When the beans are soaked, the adult can proceed with making the soup. Drain off the water, fill the pot with new water, and season the beans with 1 tsp. each salt, baking soda, cumin and chili powder. A little browned ground turkey is tasty in it too. Serve the soup with salad or fresh fruit.

Make vegetable soup together: With a stiff brush under running water, let the child scrub a carrot, a potato, a zucchini, and any other fresh vegetables you have. Peel an onion together and talk about if you like the smell. These are all part of a very important food group – vegetables. Adult makes the soup.

Make smoothies together: Have a variety of smoothie ingredients available. For safety, remove the blender from its base and don’t allow children to put their hands into the container. Let the child place small amounts of desired ingredients into the blender, then whiz it up! Suggested ingredients include fruit juice, yogurt, fresh, canned, or frozen fruits, raisins, peanut or other nut butters, wheat germ, nutritional yeast, grated carrots, coconut, carob powder or chips, honey, or other healthful sweeteners. Use your imagination.

You put the blender container back on the base and do the whizzing. Talk about how noisy the blender is! Pour your smoothies into cups and drink with a large straw.

Rainbow fruit salad: Brightly pigmented fruits and vegetables are generally considered to be more nutritious than their paler counterparts. Find a rainbow of fruits to arrange together on a plate – purple grapes (cut in half to reduce choking hazard), blueberries, green kiwi slices, yellow-orange peace slices, and bright red strawberries. Eat with fingers.

Food pyramid poster: Draw an empty food pyramid on a large sheet of paper. Together with your toddler, glue food pictures in the appropriate sections.

Build your own food pyramid: Collect flat corrugated cardboard boxes of varying sizes to label with the food groups. Tape them closed and cover with plain paper if they have writing on them. Label your largest box, “breads.” A good size for this box is about 20 inches long, 20 inches wide, and 5 inches high. The vegetables box could be about 10” by 16” by 4” tall. The fruits box could be about 6” by 16” by 4” tall. The next layer will be the dairy block at about 7” by 12” by 4” tall, and the meat and legume block at 5” by 12” by 4”tall. The little “fats and sweets” block could be a 4” cube. Glue food pictures on the appropriate box. Now you and your toddler can build your own food pyramid. Perhaps you can find stickers to use to decorate these boxes.

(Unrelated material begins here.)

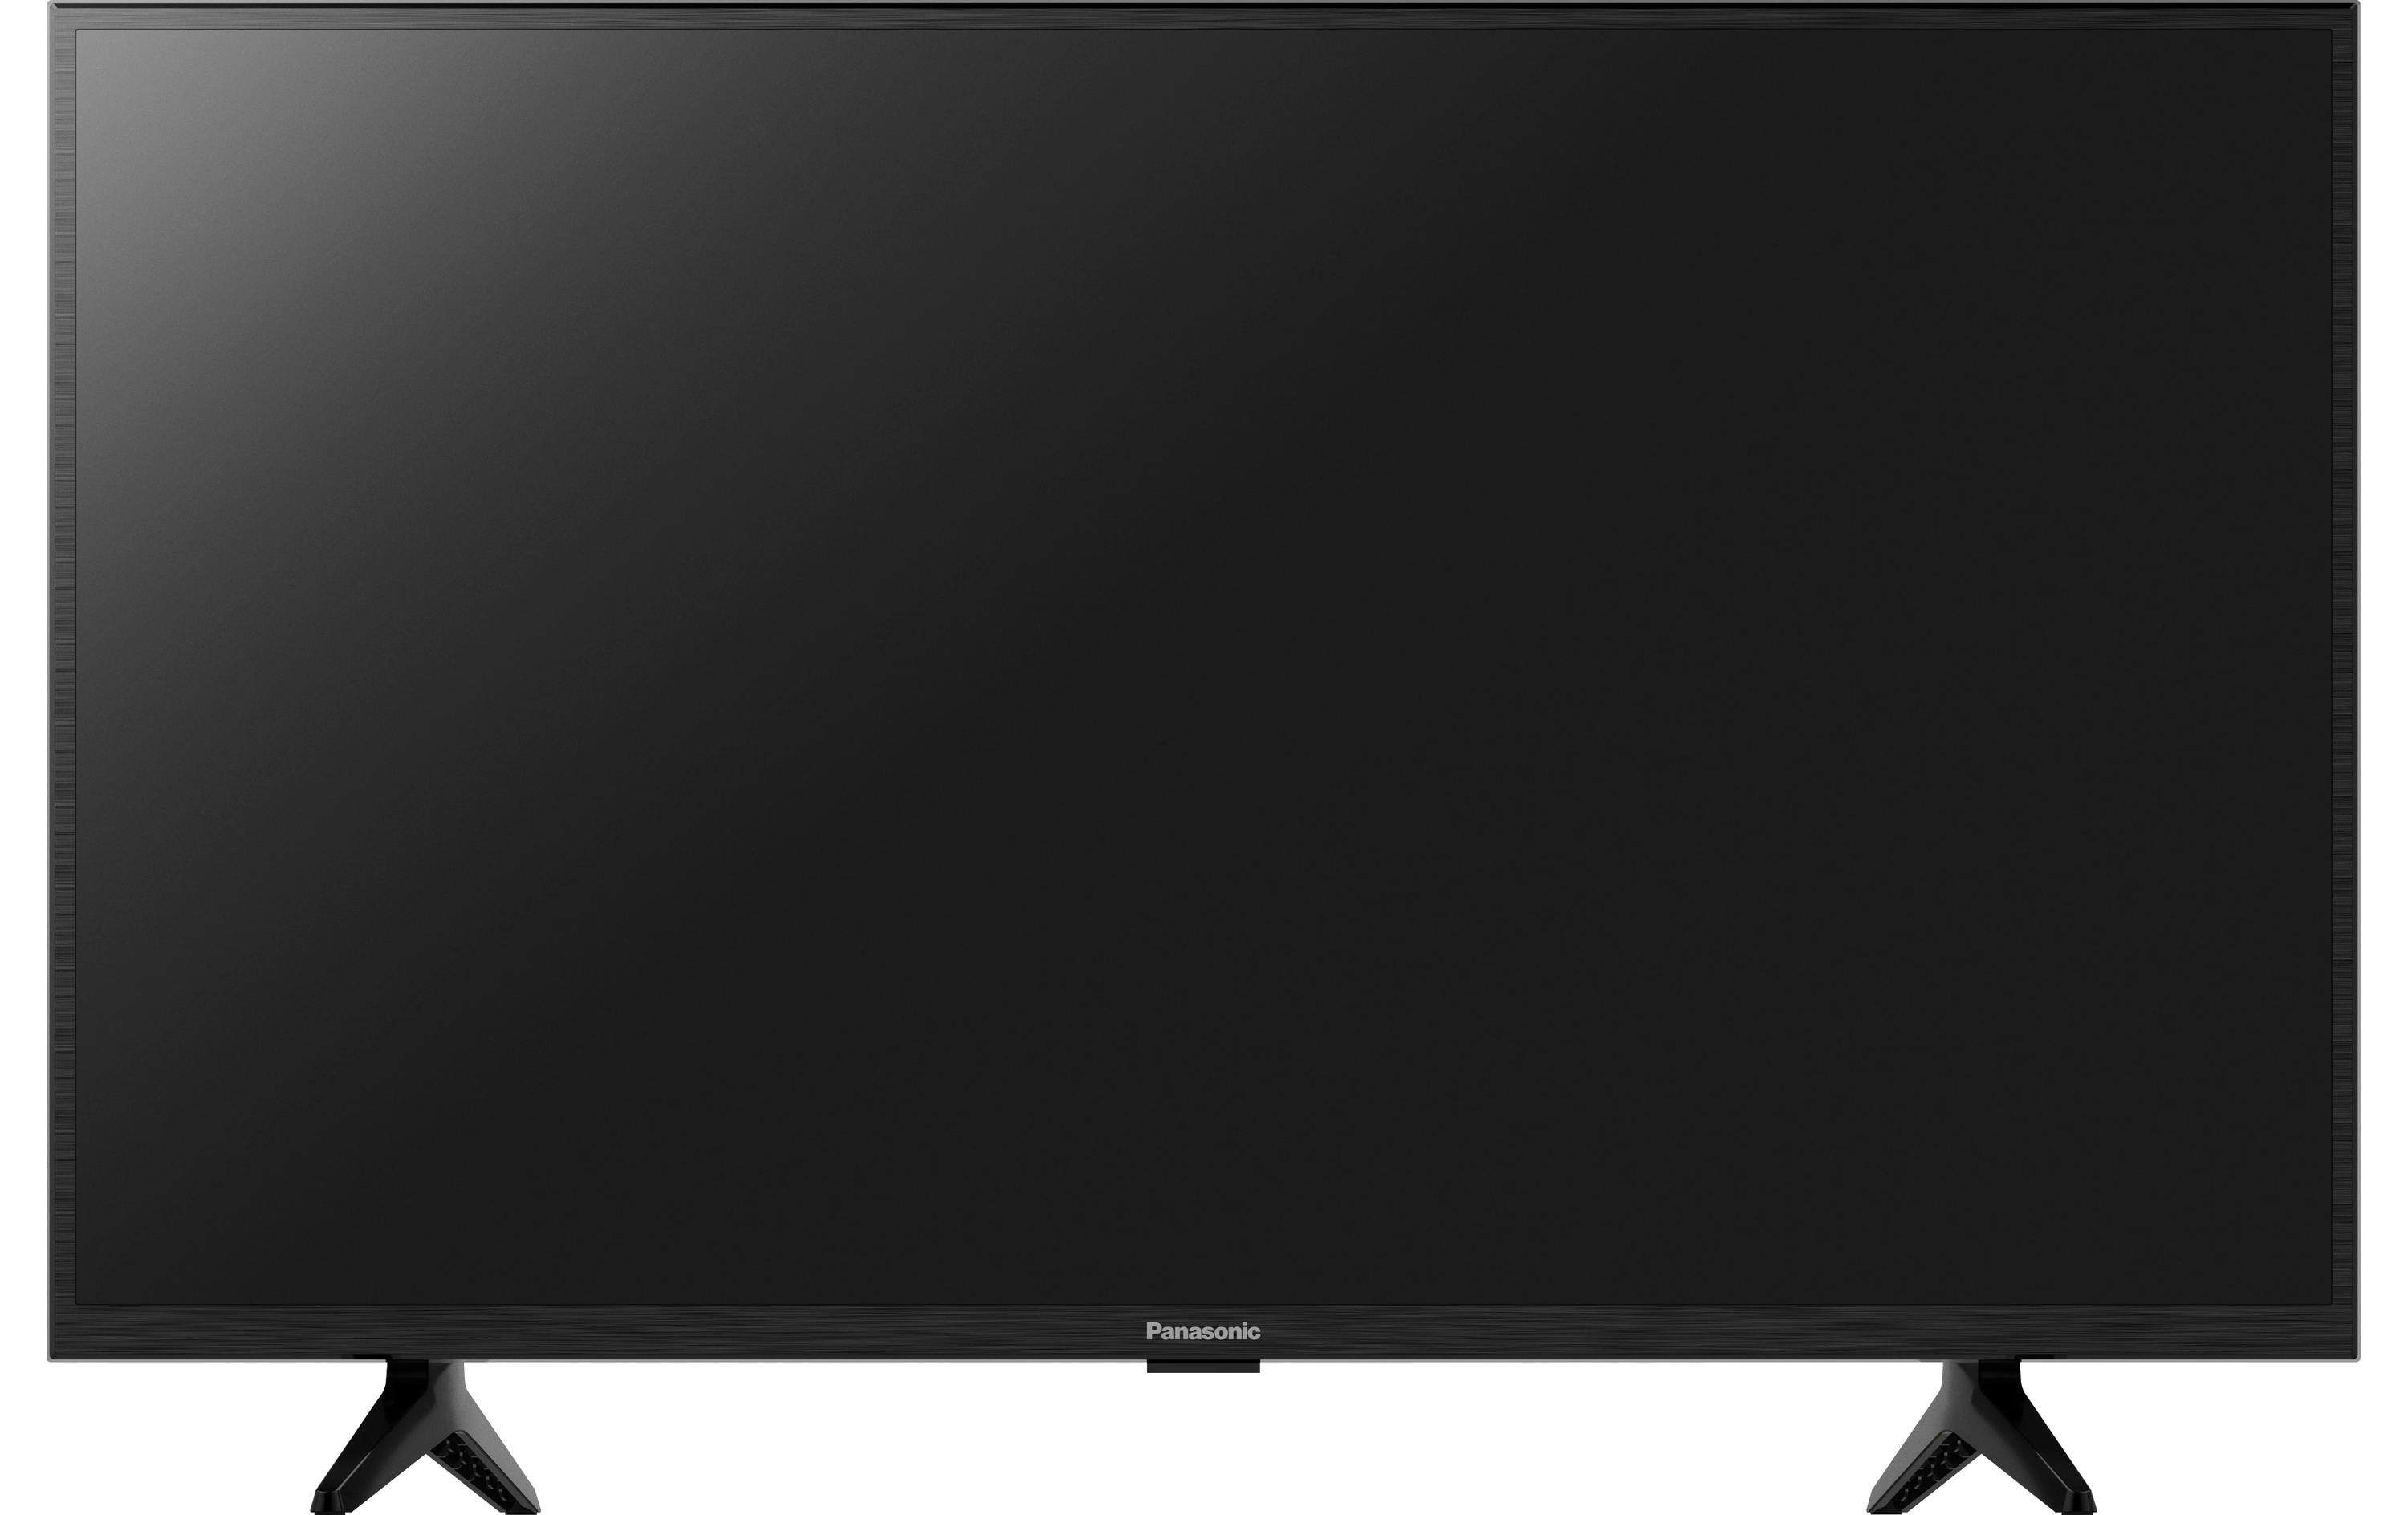 Panasonic TV TX-32MSW504 32, 1366 x 768 (WXGA), LED-LCD

Food pyramid snack: Talk about the food groups in the food pyramid while you make this healthy snack together. At the base is a graham cracker, which is a bread or grain product. On this place grated carrot (vegetable) and raisins (fruit – the child probably doesn’t know that a raisin is a dried-up grape. Tell them!) For the next layer of the pyramid, stir together low-fat cream cheese or cottage cheese (dairy) and peanut butter (meat and legume group.) Place a tablespoon of the mixture on top of the carrots and raisins. At the very top of the pyramid you can place a chocolate chip or two. To make this snack easier to eat, squish it together with another graham cracker on top.

Test foods for fat – talk about what fat is. Find pictures of fat animals. Talk about why a person will feel better if they don’t eat fat. Set different foods on a piece of brown paper bag to check for fat. Try potato chips, carrot sticks, muffins, cookies, etc. Foods that contain fat will leave a translucent smear or spot on the paper.

Small children, like all of us, enjoy eating and can be encouraged to like nutritious foods. Have fun in the kitchen as you explore the world of healthy eating together.